Homepage: https://www.python.org/
Original-Maintainer: Matthias Klose <doko@debian.org>
Or with
$ apt-cache policy python3
Installed: 3.8.2-0ubuntu2
Candidate: 3.8.2-0ubuntu2
Version table:
*** 3.8.2-0ubuntu2 500
500 http://archive.ubuntu.com/ubuntu focal/main amd64 Packages
100 /var/lib/dpkg/status
Python
We can get the Python version from the config file when using a Python environment,
and from the conda list
output when using a Conda environment.
OS
We can infer the OS version from the build image used in the config file, but since it changes with time, we can get it from the OS itself:
$ lsb_release --description
Description: Ubuntu 18.04.5 LTS
# or
$ cat /etc/issue
Ubuntu 18.04.5 LTS \n \l
Format
The final information to be saved would consist of:
organization: the organization id/slug
project: the project id/slug
version: the version id/slug
build: the build id, date, length, status.
user_config: Original user config file
final_config: Final configuration used (merged with defaults)
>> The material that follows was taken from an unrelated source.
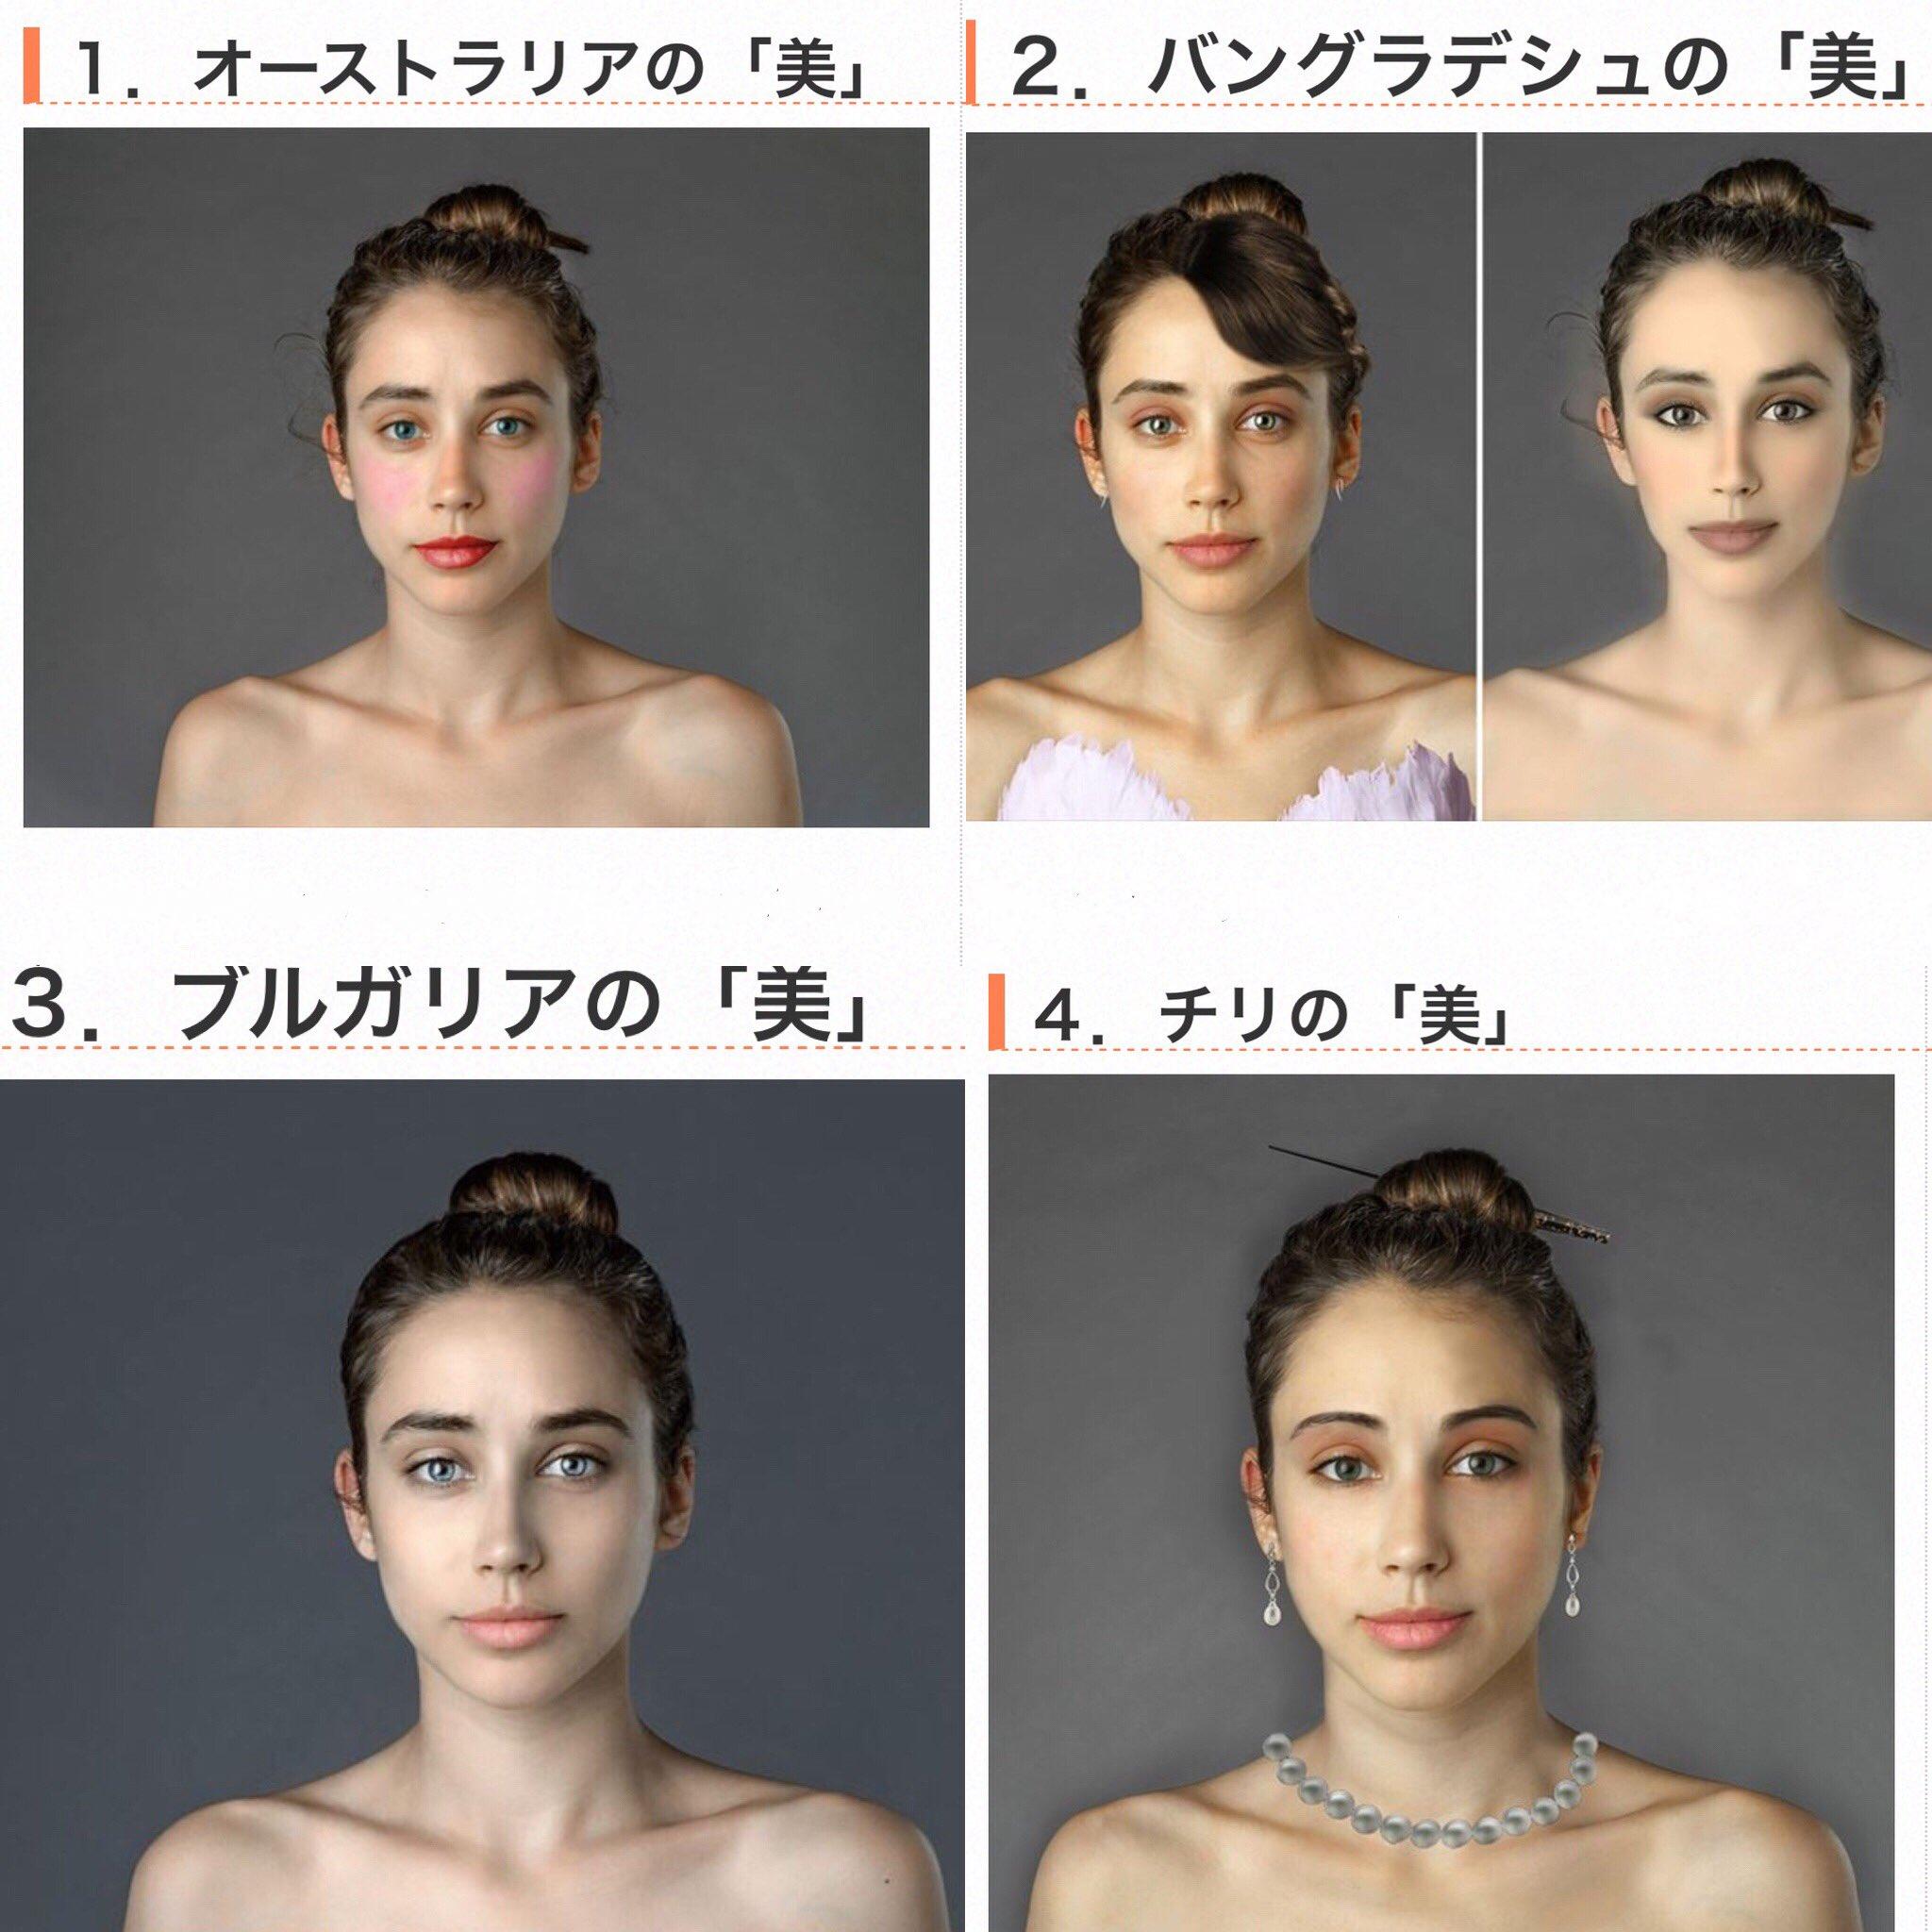 国によって変わる美人の定義。 あるジャーナリストの女性が17国のフリーランサーに自分の写真を送り、加工で美しく変身させてと依頼。素顔でも十分綺麗な彼女だけど、捉え方は人それぞれ。眉の形やメイクの色味に各国の個性が出る。アメリカの面長を強調するツリ目加工や骨格を主張するチークが印象的

packages.pip: List of pip packages with name and version
packages.conda: List of conda packages with name, channel, and version
packages.apt: List of apt packages
python: Python version used
os: Operating system used
{
"organization": {
"id": 1,
"slug": "org"
},
"project": {
"id": 2,
"slug": "docs"
},
"version": {
"id": 1,
"slug": "latest"
},
"build": {
"id": 3,
"date/start": "2021-04-20-...",
"length": "00:06:34",
"status": "normal",
"success": true,
"commit": "abcd1234"
},
"config": {
"user": {},
"final": {}
},
"packages": {
"pip": [{
"name": "sphinx",
"version": "3.4.5"
}],
"pip_all": [
{
"name": "sphinx",
"version": "3.4.5"
},
{
"name": "docutils",
"version": "0.16.0"
}
],
"conda": [{
"name": "sphinx",
"channel": "conda-forge",
"version": "0.1"
}],
"apt": [{
"name": "python3-dev",
"version": "3.8.2-0ubuntu2"
}],
},
"python": "3.7",
"os": "ubuntu-18.04.5"
}
Storage
All this information can be collected after the build has finished, and we can store it in a dedicated database (telemetry), using Django’s models.
Since this information isn’t sensitive, we should be fine saving this data even if the project/version is deleted. As we don’t care about historical data, we can save the information per-version and from their latest build only. And delete old data if it grows too much.
Should we make heavy use of JSON fields? Or try to avoid nesting structures as possible? Like config.user/config.final vs user_config/final_config. Or having several fields in our model instead of just one big json field?